Studniówki 2023

Studniówka okiem nauczyciela. "Modlę się, by nie wylądować na TikToku"

Źródło zdjęć: © Vibez / canva
Blanka RogowskaBlanka Rogowska,03.01.2023 17:30

Jak mówią nauczyciele, studniówka jest jak bomba, która może wybuchnąć w każdej chwili. Winni tej sytuacji mają być rodzice, alkohol, niejednoznaczna sytuacja prawna, ale przede wszystkim wszechobecne telefony. - Co 30 min. chodzimy na fajkę, żeby nie zasnąć. Około godz. 3 w nocy ja już słaniam się na nogach. Jak już mnie wyciągną na chwilę na parkiet, to się modlę, żeby nie wylądować na TikToku - mówi nauczycielka z Warszawy.

Joanna, nauczycielka w jednym z topowych warszawskich liceów, na studniówki chodzi od 2017 roku. - O tym się nie mówi. Nam za te studniówki nikt nie płaci, a jeśli jesteś wychowawcą maturalnej klasy to tak naprawdę jesteś w pracy. I to absolutnie koszmarnej pracy, bo nieuregulowanej żadnym prawem - mówi kobieta w rozmowie z Vibez.pl.

Studniówka okiem nauczyciela: Iść czy nie iść?

W szkole Joanny jest niepisana, ale żelazna zasada. - Tradycja można powiedzieć. Uczniowie zapraszają wszystkich uczących ich nauczycieli. Oni mogą przyjść, mogą nie przyjść. Z imprezy zazwyczaj wychodzą około północy, czyli po torcie. Ale wychowawcy klas maturalnych muszą przyjść, choćby nie wiem, co. I w dodatku muszą siedzieć do końca, czyli do godziny 6 rano. To nie jest komfortowe ani dla nas, ani dla uczniów – opowiada nauczycielka.
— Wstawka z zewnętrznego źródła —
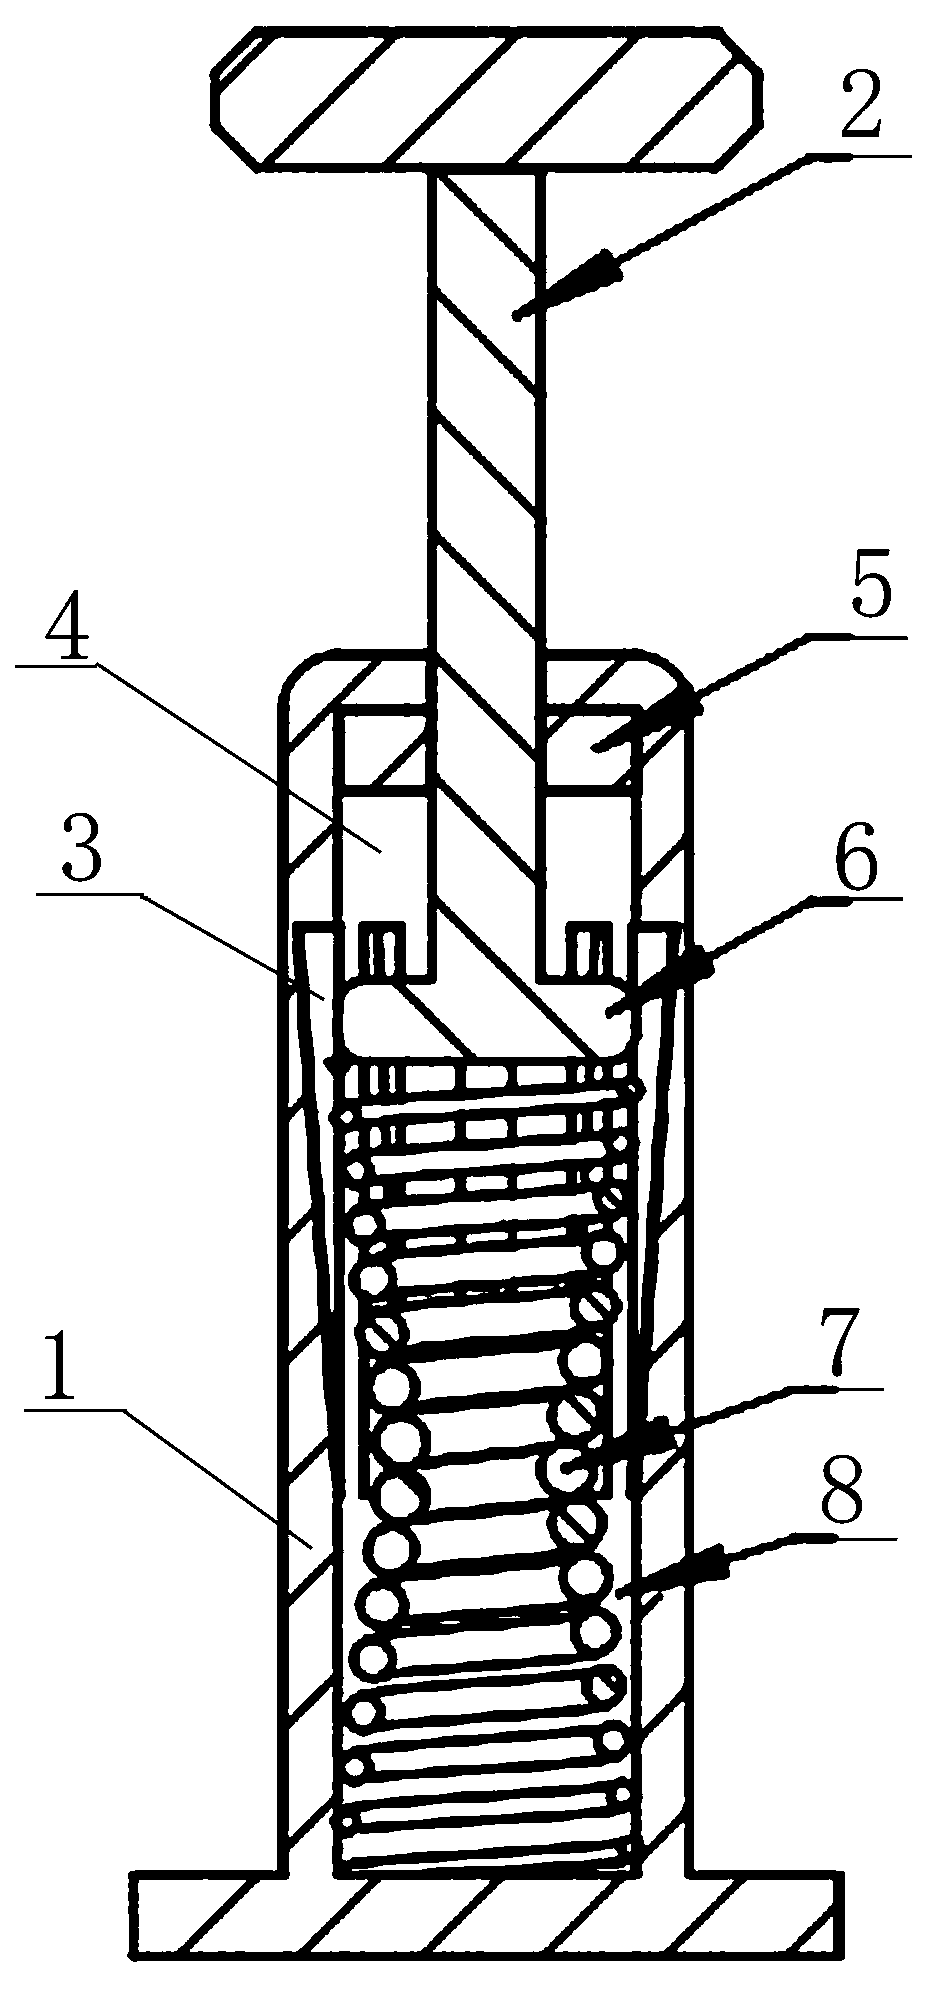 Variable rigidity hydraulic damping shock absorber with self-adaptive variable damping function

Anna, nauczycielka z ponad 20-letnim stażem, która obecnie uczy w łódzkim technikum, mówi, że napięcie wokół studniówki zaczyna się już na kilka tygodni przed imprezą, gdy uczniowie wręczają zaproszenia.

- W pokoju nauczycielskim trwają rozmowy: iść czy nie iść? Z jednej strony nie chcesz zrobić przykrości uczniom nie idąc, z drugiej nie chcesz zrobić im przykrości idąc. Nie wiadomo, jak się zachować. W tym roku dominuje narracja o kosztach. Że studniówka droga jak nigdy, więc nie chcemy być obciążeniem dla budżetu uczniów. Nauczyciele mówią, że się boją, że potem usłyszą, że się nażarli za ich pieniądze, że trzeba się jakoś ubrać, uczesać, co też generuje koszty, zwłaszcza w przypadku pań. Trudno przyjść niewystrojonym, bo są wspólne zdjęcia, kamerzysta itd. W tym roku wyjątkowo dużo nauczycieli z mojej szkoły na imprezę się nie wybiera właśnie z powodu pieniędzy - mówi nauczycielka ze stolicy.
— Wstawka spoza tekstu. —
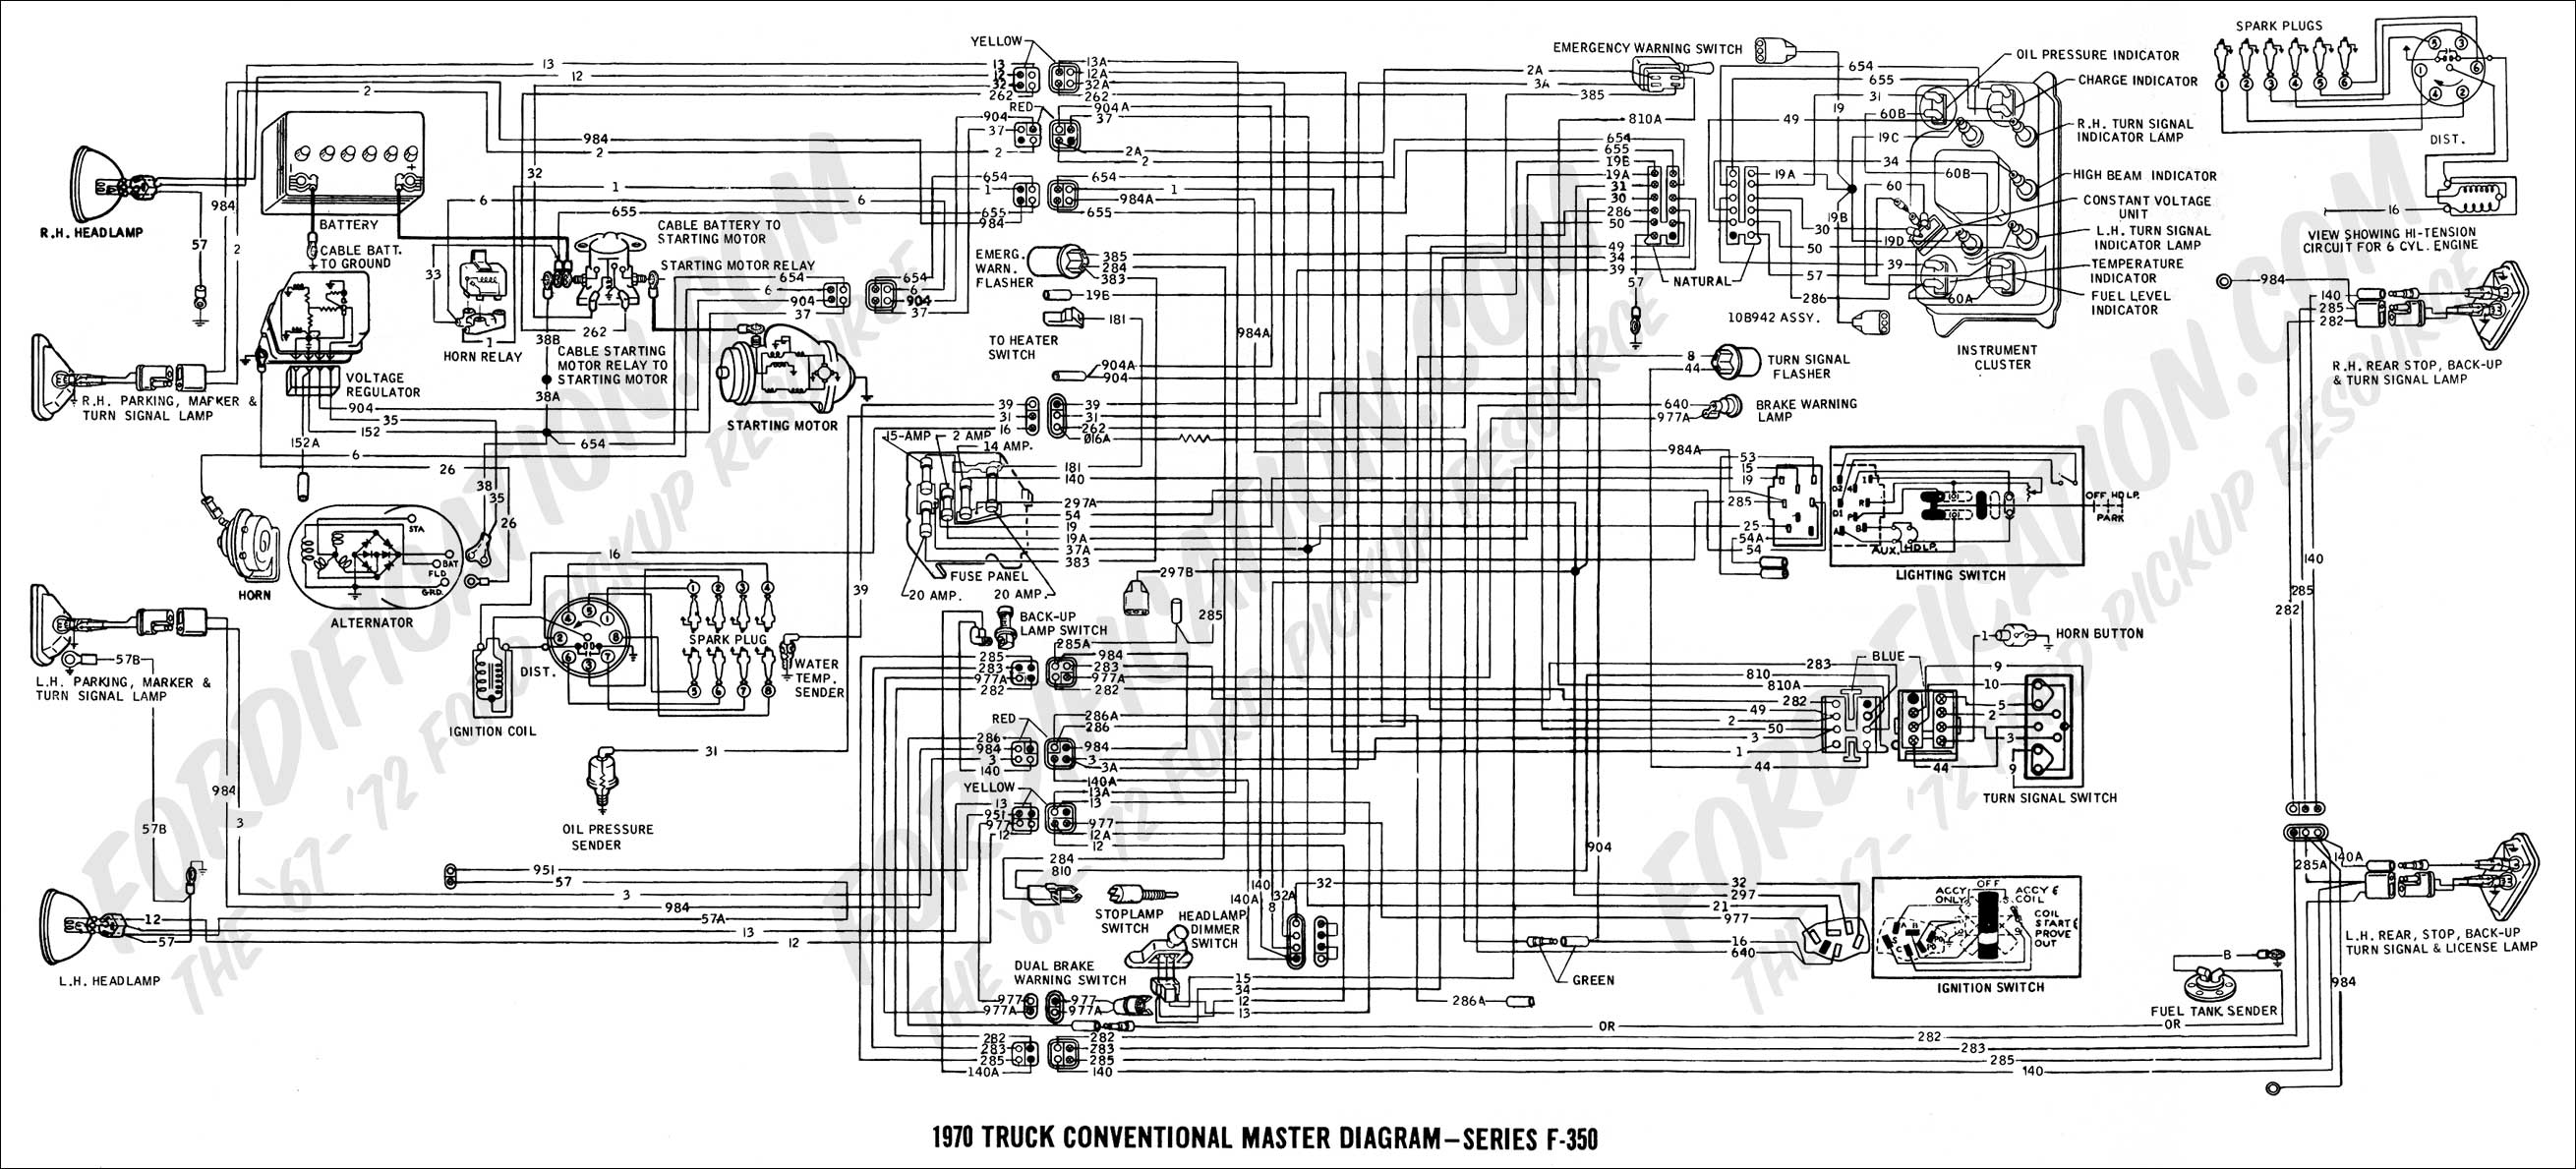 Ford Truck Technical Drawings and Schematics - Section H - Wiring Diagrams  1986 Kenworth W900 Ac Wiring Diagrams    FORDification.com

Studniówka okiem nauczyciela. "Co 30 min. wychodzę na fajkę. To koszmar"

- Żeby nie było, że ja studniówek nie lubię wcale. Lubię i można się na nich nieźle wzruszyć. Gdy widzę, jak dzieciaki wyrosły, wydoroślały, jak dziewczyna, która całe liceum była szarą myszką ubraną w czarną bluzę z kapturem, nagle przychodzi zrobiona jak tysiąc dolarów, to wiem, że warto tu być. Przywiązuję się do uczniów, więc w dzień balu czuję dumę. Ale prawda jest taka, że po godzinie zaczynam odliczać minuty do końca - mówi Joanna.

Dlaczego nauczyciele nie lubią studniówek? Powód pierwszy: wychowawca musi zostać do końca imprezy, czyli do 6 rano. Do stół nauczycieli nie jest podawany alkohol, tematy do rozmów kończą się szybko. - Zresztą trudno rozmawiać, jak się siedzi tyle godzin w hałasie, zaraz obok głośnika z muzyką. Nie ma dla nas jakiegoś pomieszczenia, żebyśmy mogli odpocząć. Co 30 min. chodzimy na fajkę, żeby nie zasnąć. Około godz. 3 w nocy ja już słaniam się na nogach - mówi nauczycielka z Warszawy.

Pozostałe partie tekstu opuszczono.